И я представил его за работой в том длительном, напряженном и сложном духовном процессе, когда, собрав всю силу интеллекта и последние крохи физических возможностей, он проходит через «муки слова», чтобы воссоздать в своих особенных, неповторимых светотенях жизнь, представил и понял, что на следующий вечер снова и обязательно к нему приду, и завтра приду, и послезавтра, и пока это будет нужно.
Над притихшим Киевом сиял почти прозрачный ободок луны, и, тронутый позолотой, чуть слышно овеянный теплым ветром весны, каменный мир города был задумчив и прекрасен.
* * *
Он ждал меня следующим вечером и встретил веселым возгласом: «Здоровеньки булы!» Да, первый рубеж был перейден, мы уже стали добрыми знакомыми и могли, не отвлекаясь, заняться тем, что свело нас, – повестью. Начали с того, что я стал читать первую главу рукописи вслух. Он затих, затаился, напряженно ловя каждое слово. Впервые он слышал свой, текст не в чтении жены, а с голоса другого человека, и на тонком, бескровном лице его отчетливо отражалось то удивление, то озабоченность, то досада.
– Возьмите мою руку, – прошептал он. – Если я недоволен фразой, ее конструкцией или каким-либо словом – вы ощутите сигнал. Но нам, пожалуй, придется начать заново, потому что я недоволен целым периодом.
Я согласился и снова начал чтение с первых строк; чуткая рука его лежала в моей руке, я ощущал ее ровную напряженность, и, когда она слегка сжимала мою руку, я делал пометку на полях. Но пометки я делал и от себя, каждый раз объясняя, почему фраза представлялась мне рыхлой, вычурной или незаконченной. Вскоре мы приучились быстро и легко понимать друг друга, и хотя он далеко не всегда соглашался с моими замечаниями, наша работа продвигалась успешно.

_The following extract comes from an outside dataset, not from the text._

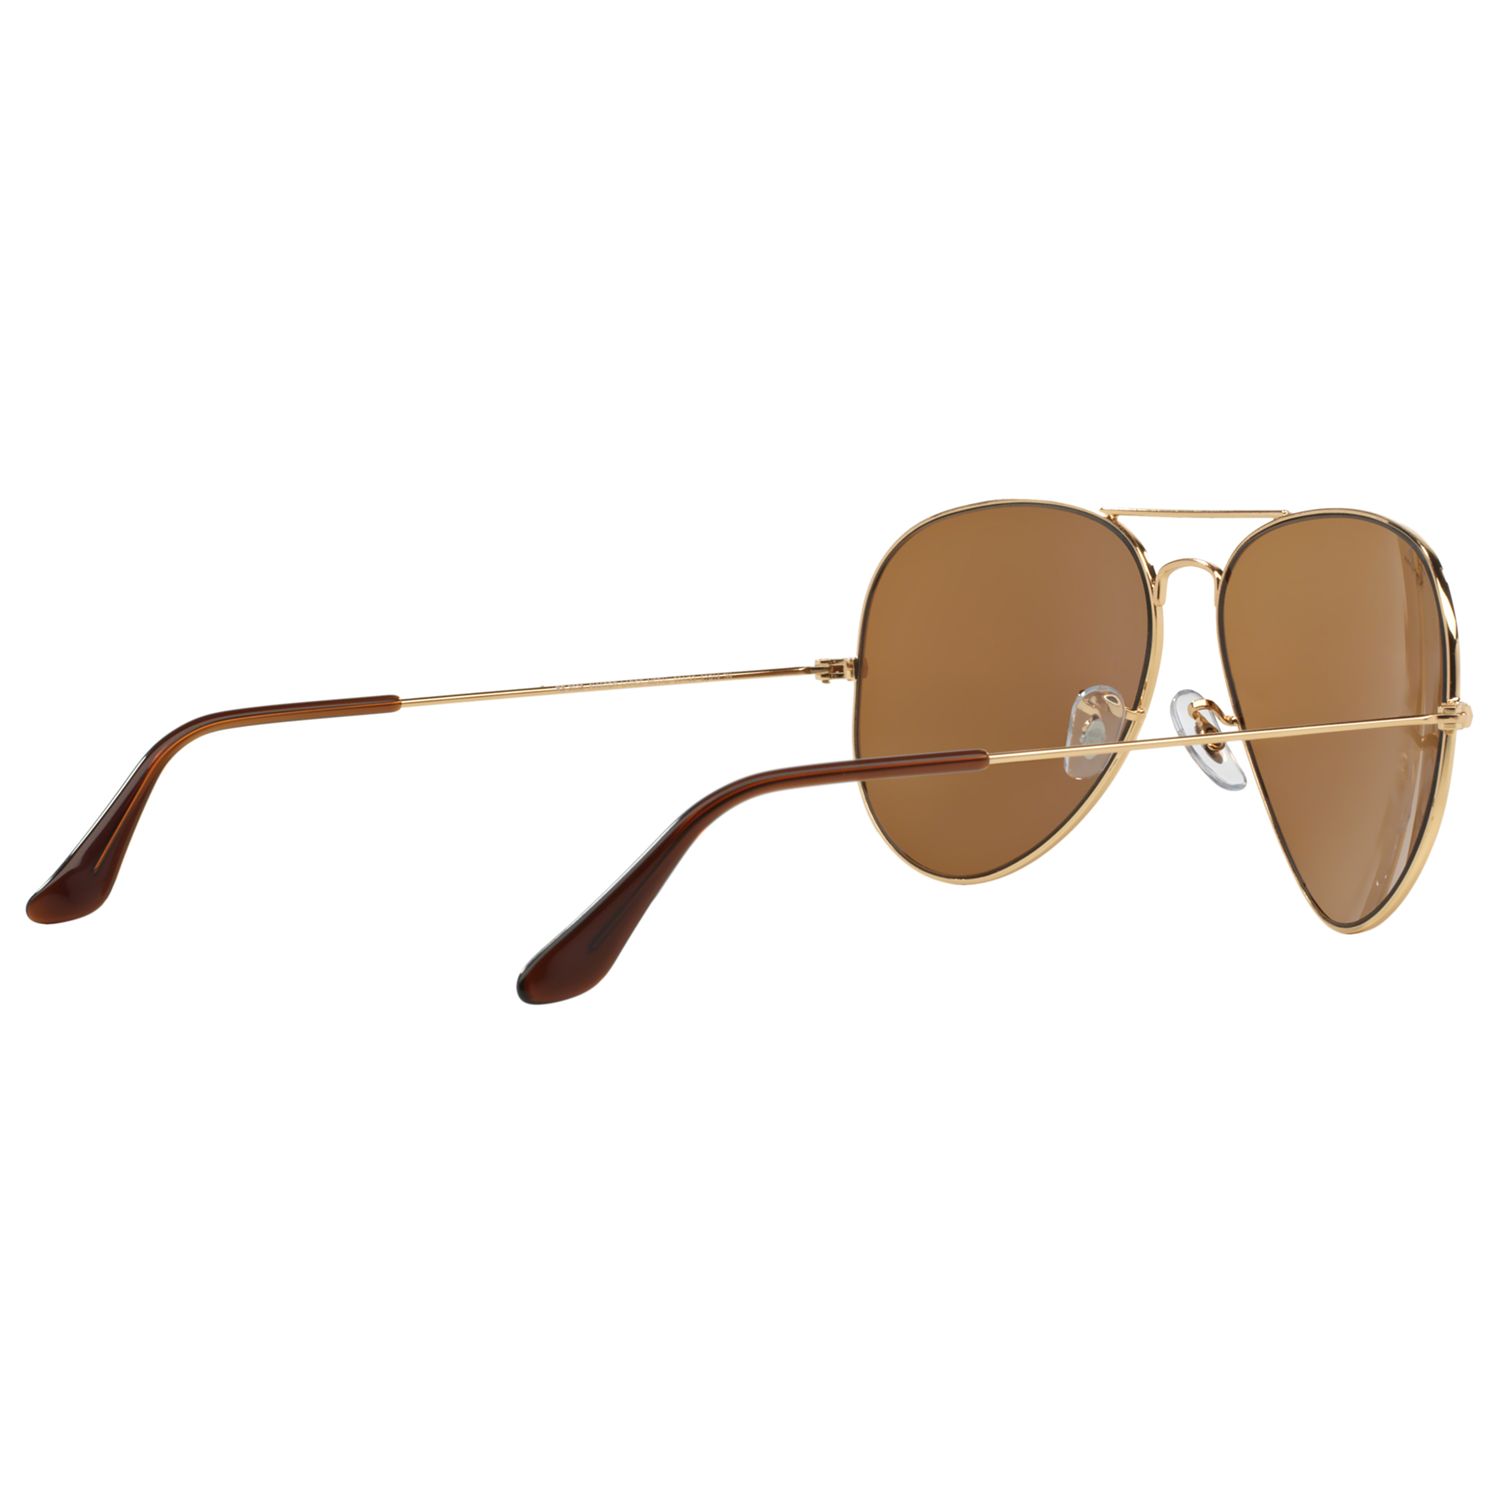 Ray-Ban RB3025 Iconic Aviator Sunglasses, Gold/Brown at John Lewis & Partners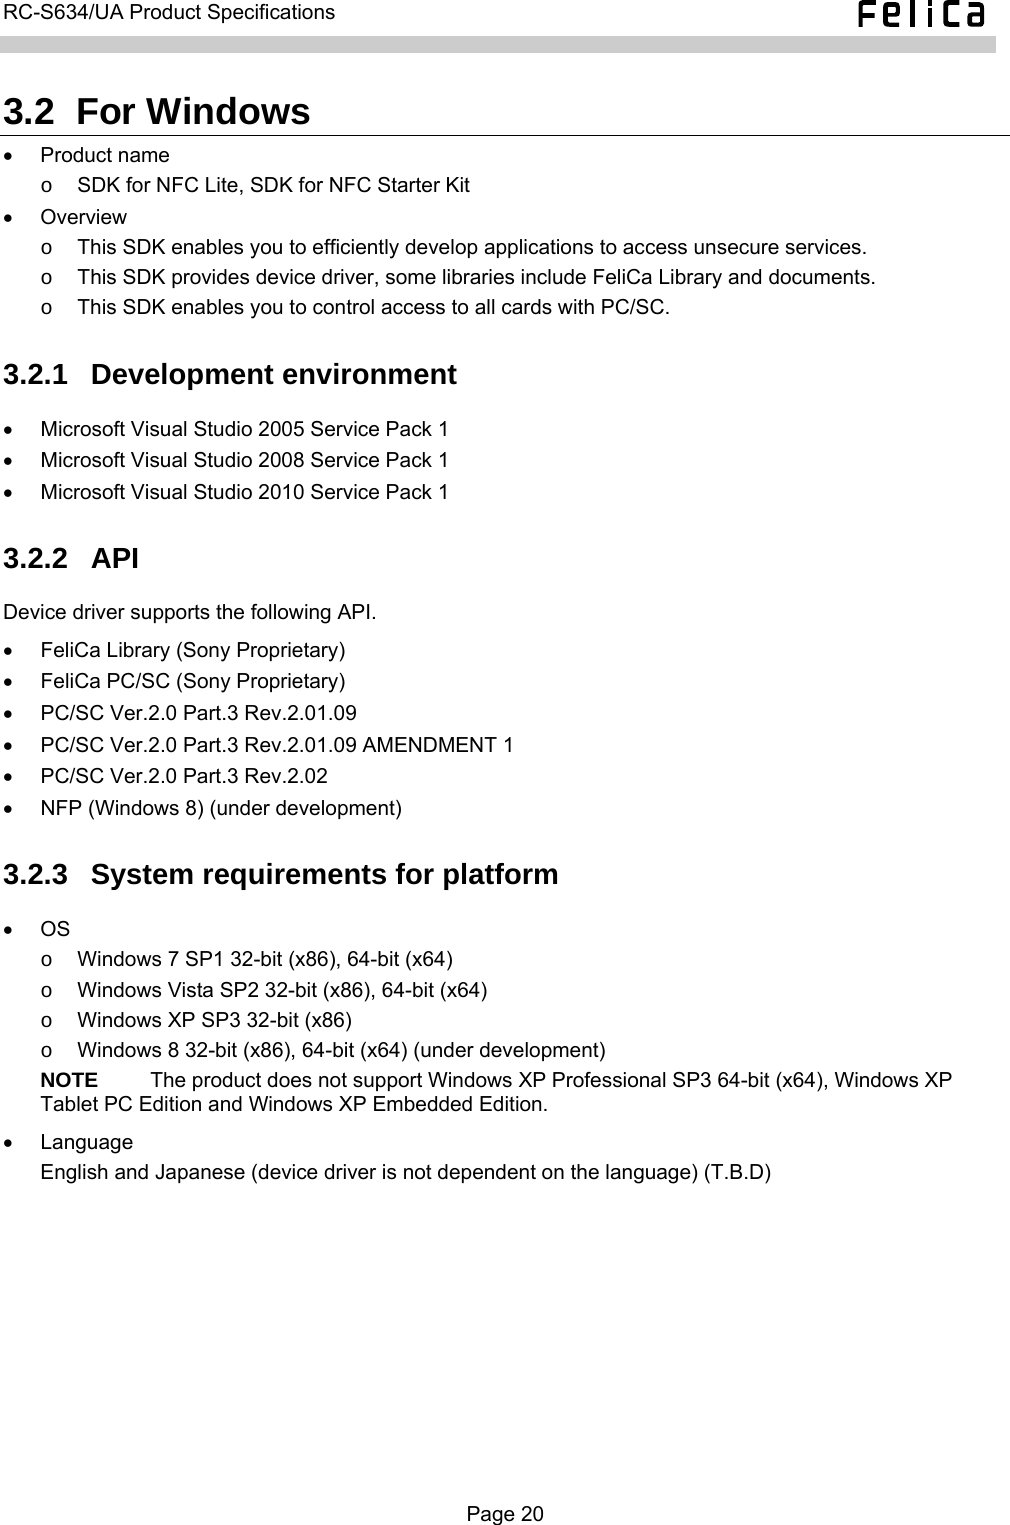   RC-S634/UA Product Specifications  3.2  For Windows • Product name o  SDK for NFC Lite, SDK for NFC Starter Kit • Overview  o  This SDK enables you to efficiently develop applications to access unsecure services. o  This SDK provides device driver, some libraries include FeliCa Library and documents. o  This SDK enables you to control access to all cards with PC/SC. 3.2.1  Development environment •  Microsoft Visual Studio 2005 Service Pack 1 •  Microsoft Visual Studio 2008 Service Pack 1 •  Microsoft Visual Studio 2010 Service Pack 1 3.2.2  API Device driver supports the following API. •  FeliCa Library (Sony Proprietary) •  FeliCa PC/SC (Sony Proprietary) •  PC/SC Ver.2.0 Part.3 Rev.2.01.09 •  PC/SC Ver.2.0 Part.3 Rev.2.01.09 AMENDMENT 1 •  PC/SC Ver.2.0 Part.3 Rev.2.02 •  NFP (Windows 8) (under development) 3.2.3  System requirements for platform • OS  o  Windows 7 SP1 32-bit (x86), 64-bit (x64) o  Windows Vista SP2 32-bit (x86), 64-bit (x64) o  Windows XP SP3 32-bit (x86) o  Windows 8 32-bit (x86), 64-bit (x64) (under development) NOTE     The product does not support Windows XP Professional SP3 64-bit (x64), Windows XP Tablet PC Edition and Windows XP Embedded Edition. • Language English and Japanese (device driver is not dependent on the language) (T.B.D)  Page 20

Так мы встречались несколько вечеров, иногда с перерывами в три-четыре дня, в неделю. Что поначалу удивляло меня и даже озадачивало – его активное жизнелюбие. Оно было основой его мировосприятия. Все же временами я ждал, казалось бы, неизбежного в его состоянии проявления душевного надлома. Неотвратимо надвигалось медленное угасание. Он это отлично понимал и, задумываясь о своей судьбе, находил какое-то светлое решение. Однажды он вспомнил поездку на юг, на берег Черного моря, и, задумчиво улыбаясь, сказал:
– Почему-то при слове «море» я обязательно вижу чайку над плавной, зеленоватой, полированной волной. Я мог бы, наверное, часами следить за ее полетом. Сколько силы, и совершенного мастерства, и полного, мощного ощущения жизни!
Переводя дыхание, он добавил тихо:
– Но и у этой сильной птицы случаются чепе. Я видел, как чайка налетела на антенну корабля. Тонкая стальная нить в дымке утра, наверное, была совсем незаметна. Потом она блеснула, как лезвие бритвы, когда птица ударилась о нее. И что за мгновенная перемена: только что реяли два могучие крыла, и вот – удар, и белая вспышка, и со сломанной траектории полета падает бессильный лохматый комок.
Он закрыл глаза и, сдвинув брови, с минуту словно бы прислушивался к тишине.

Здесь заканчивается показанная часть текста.